Information supplied
───

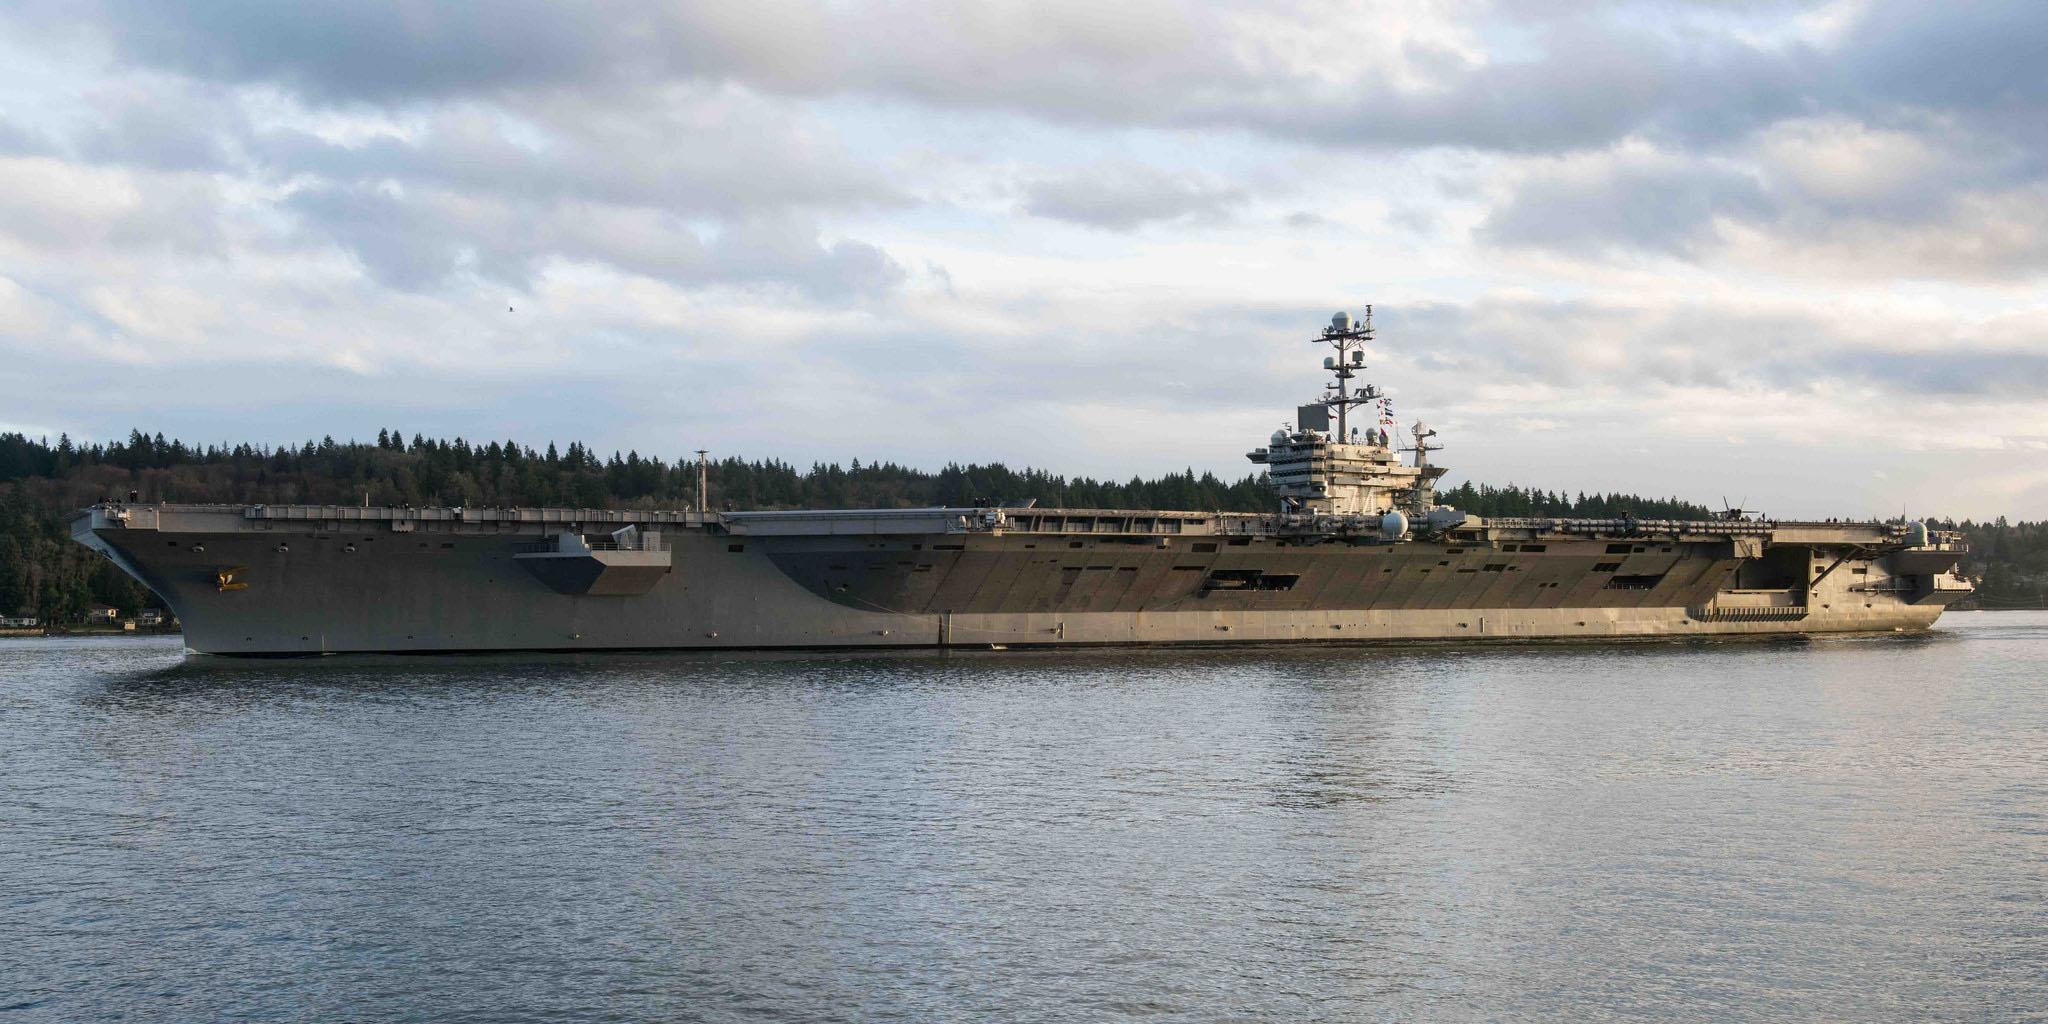 #USSJohnCStennis returns to sea for training - https://t.co/lZ5k8jnnkr #CVN74 #USNavy https://t.co/eMf4UeAq9e
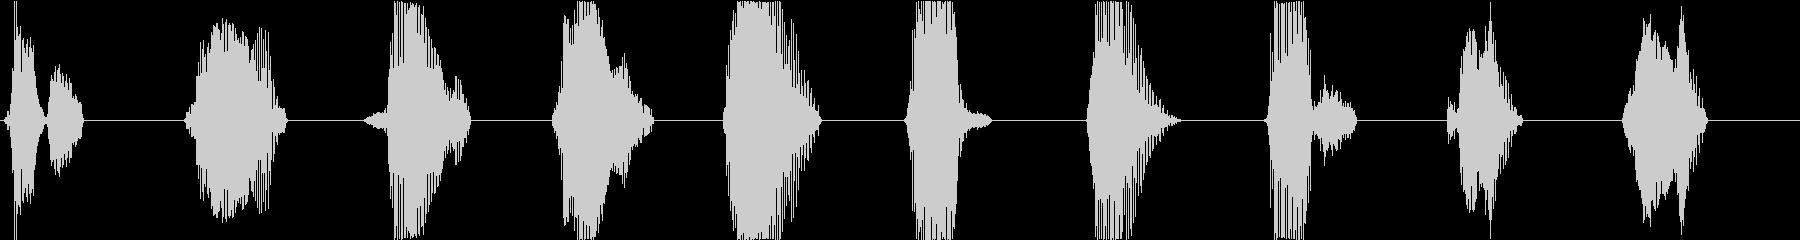 悪人(ボイチェン)が10まで数えるの未再生の波形
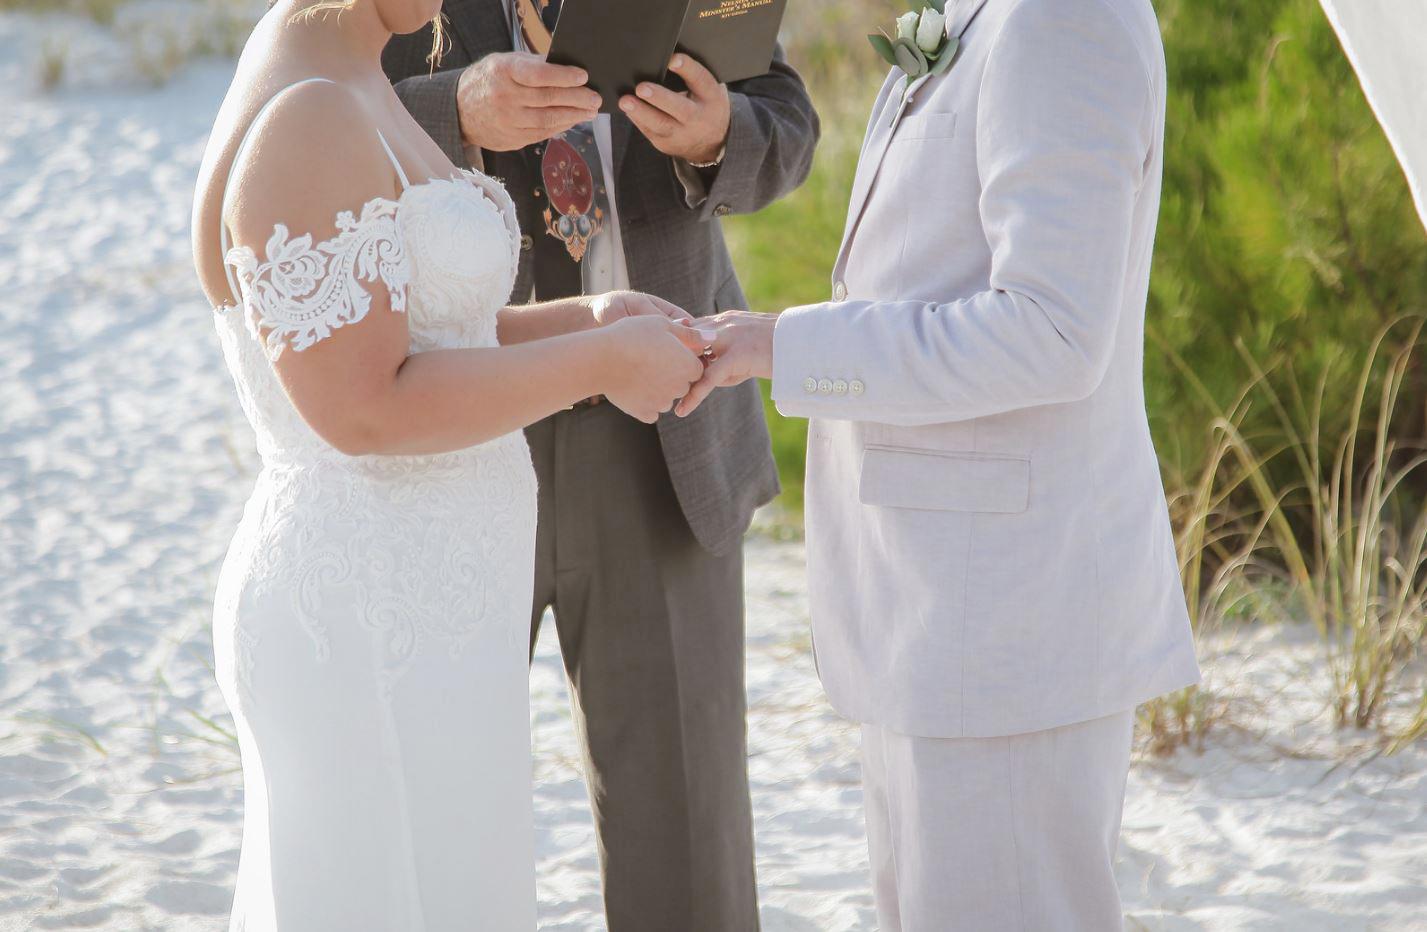 Jaime_wedding_photographer_022.JPG
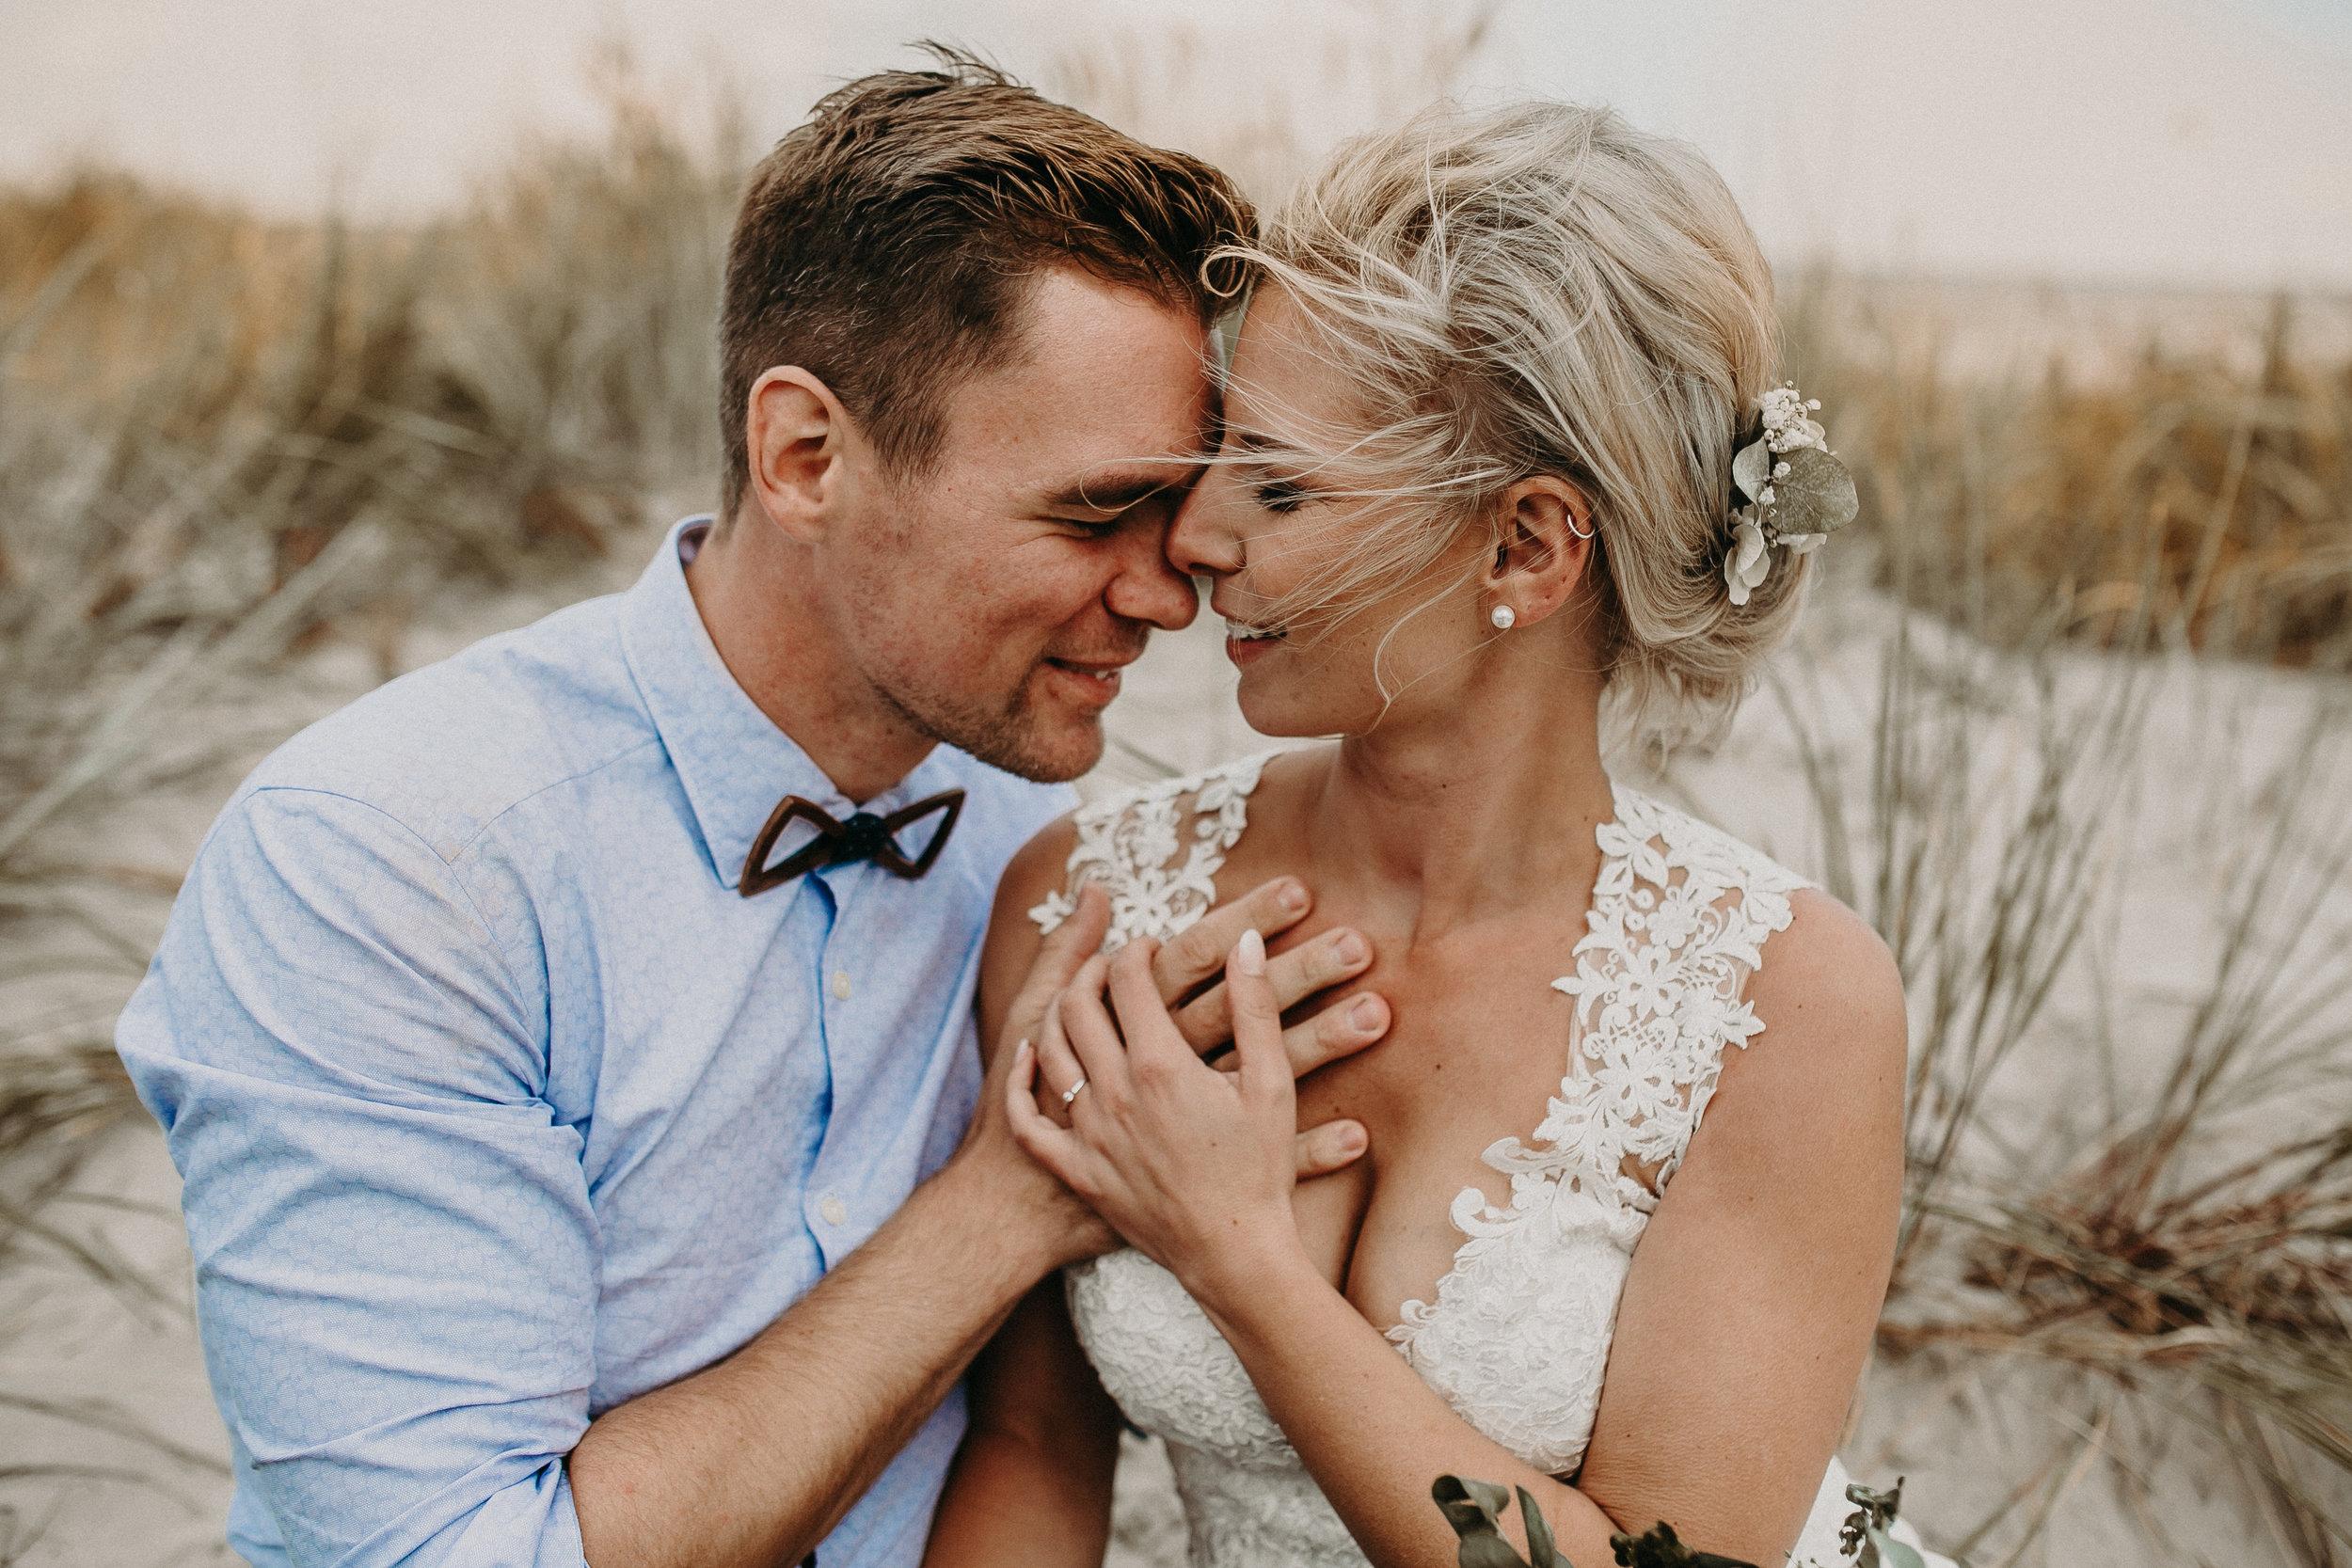 nordsee - Brautpaarshooting am strand von schillig - Mandy+Dominik

───

Task to carry out
Reproduce exactly the lines above from the one with "悪人(ボイチェン)が10まで数えるの未再生の波形" through the last line of the data, keeping both ends and dropping the pictures.

Solution to the problem
 悪人(ボイチェン)が10まで数えるの未再生の波形
 Jaime_wedding_photographer_022.JPG
 nordsee - Brautpaarshooting am strand von schillig - Mandy+Dominik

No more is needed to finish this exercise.